You need to process user-uploaded CSV files in a web application without exposing your system to Denial of Service (DoS) attacks or other security threats.

Solution Overview

This guide shows you how to implement secure CSV processing using multiple defense layers:

Resource limits - Prevent resource exhaustion (Worker pool, record count, error count)
Early rejection - Reject requests when saturated
Input validation - Verify content type and size
Actual byte counting - Prevent Content-Length bypass attacks
Data validation - Validate parsed records with schema
Timeout protection - Prevent long-running operations
Proper error handling - Return appropriate HTTP status codes

Prerequisites

npm install web-csv-toolbox zod hono

Step 1: Set up WorkerPool with Resource Limits

Why: Attackers could upload multiple large CSV files simultaneously to overwhelm your server.

import { Hono } from 'hono';
import { stream } from 'hono/streaming';
import { z } from 'zod';
import { ReusableWorkerPool, EnginePresets, parseStringStream } from 'web-csv-toolbox';

const app = new Hono();

// ✅ CRITICAL: Limit concurrent workers
const pool = new ReusableWorkerPool({ maxWorkers: 4 });

// Clean up on shutdown
app.onShutdown(() => {
  pool.terminate();
});

Guidelines:

Web applications: Use maxWorkers: 2-4
Server applications: Use Math.min(4, os.cpus().length)

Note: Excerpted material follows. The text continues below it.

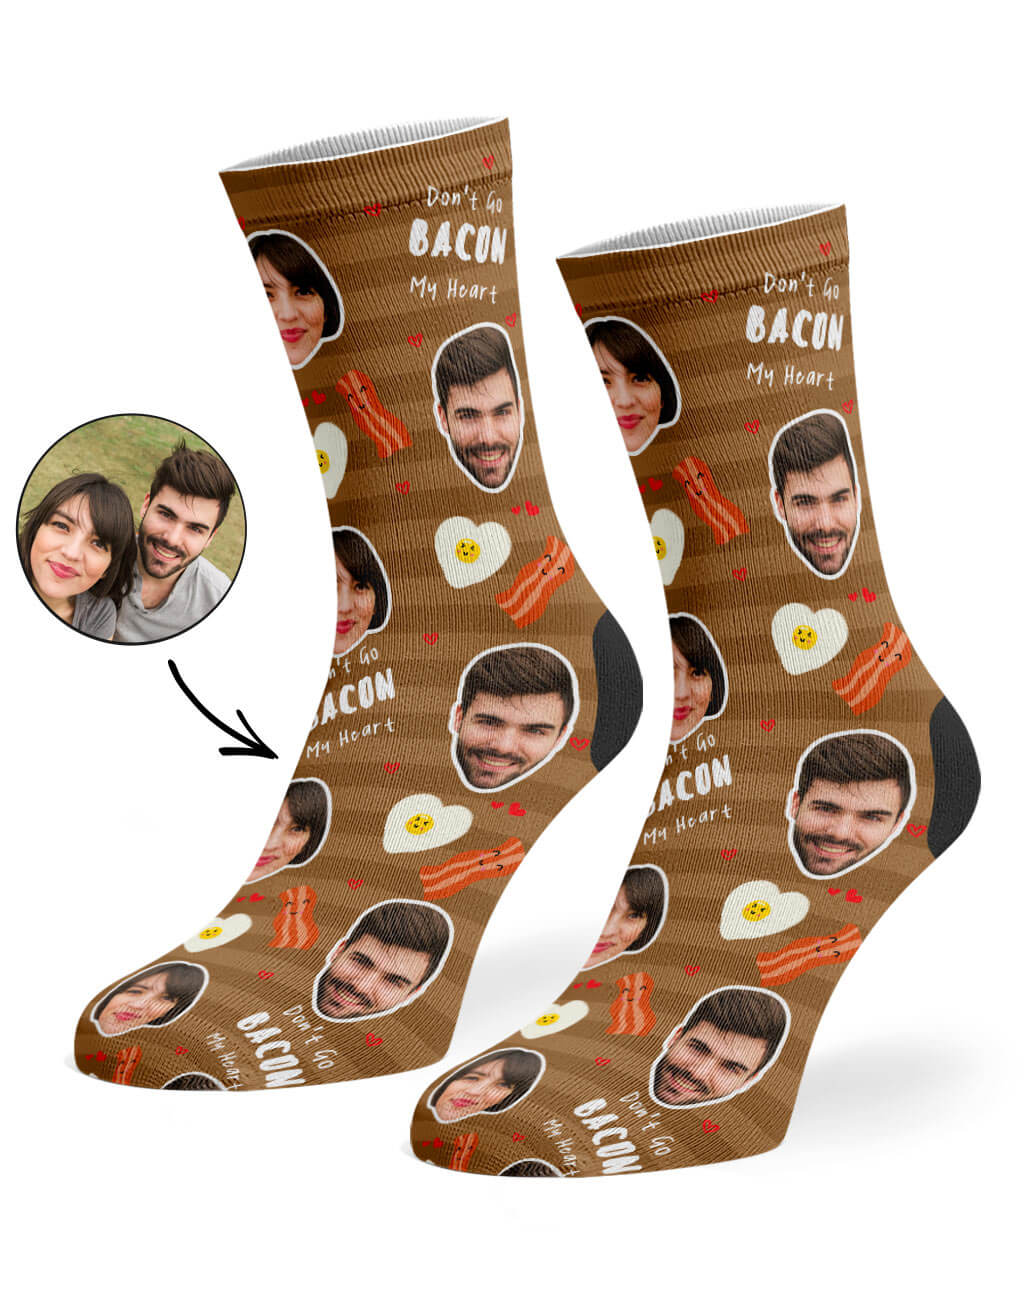 Don't Go Bacon My Heart Custom Socks

Step 2: Implement Early Request Rejection

Why: Rejecting requests early when the pool is saturated prevents cascading failures.

const recordSchema = z.object({
  name: z.string().min(1).max(100),
  email: z.string().email(),
  age: z.coerce.number().int().min(0).max(150),
});

app.post('/validate-csv', async (c) => {
  // 1. Early rejection if pool is saturated
  if (pool.isFull()) {
    console.warn('WorkerPool saturated - rejecting request');
    return c.json(
      { error: 'Service temporarily unavailable. Please try again later.' },
      503
    );
  }

  // 2. Verify Content-Type
  const contentType = c.req.header('Content-Type');
  if (!contentType?.startsWith('text/csv')) {
    return c.json({ error: 'Content-Type must be text/csv' }, 400);
  }

  // 3. Get request body as stream
  const csvStream = c.req.raw.body?.pipeThrough(new TextDecoderStream());

  if (!csvStream) {
    return c.json({ error: 'Request body is required' }, 400);
  }

  // 4. Process with streaming validation (see next step)
  // ...
});

Benefits:

✅ Immediate feedback to clients (503 instead of timeout)
✅ Prevents resource exhaustion
✅ Better UX - clients can implement retry logic
✅ Protects backend services

Step 3: Stream Validation with Server-Sent Events

Why: Streaming validation prevents memory exhaustion and provides real-time feedback.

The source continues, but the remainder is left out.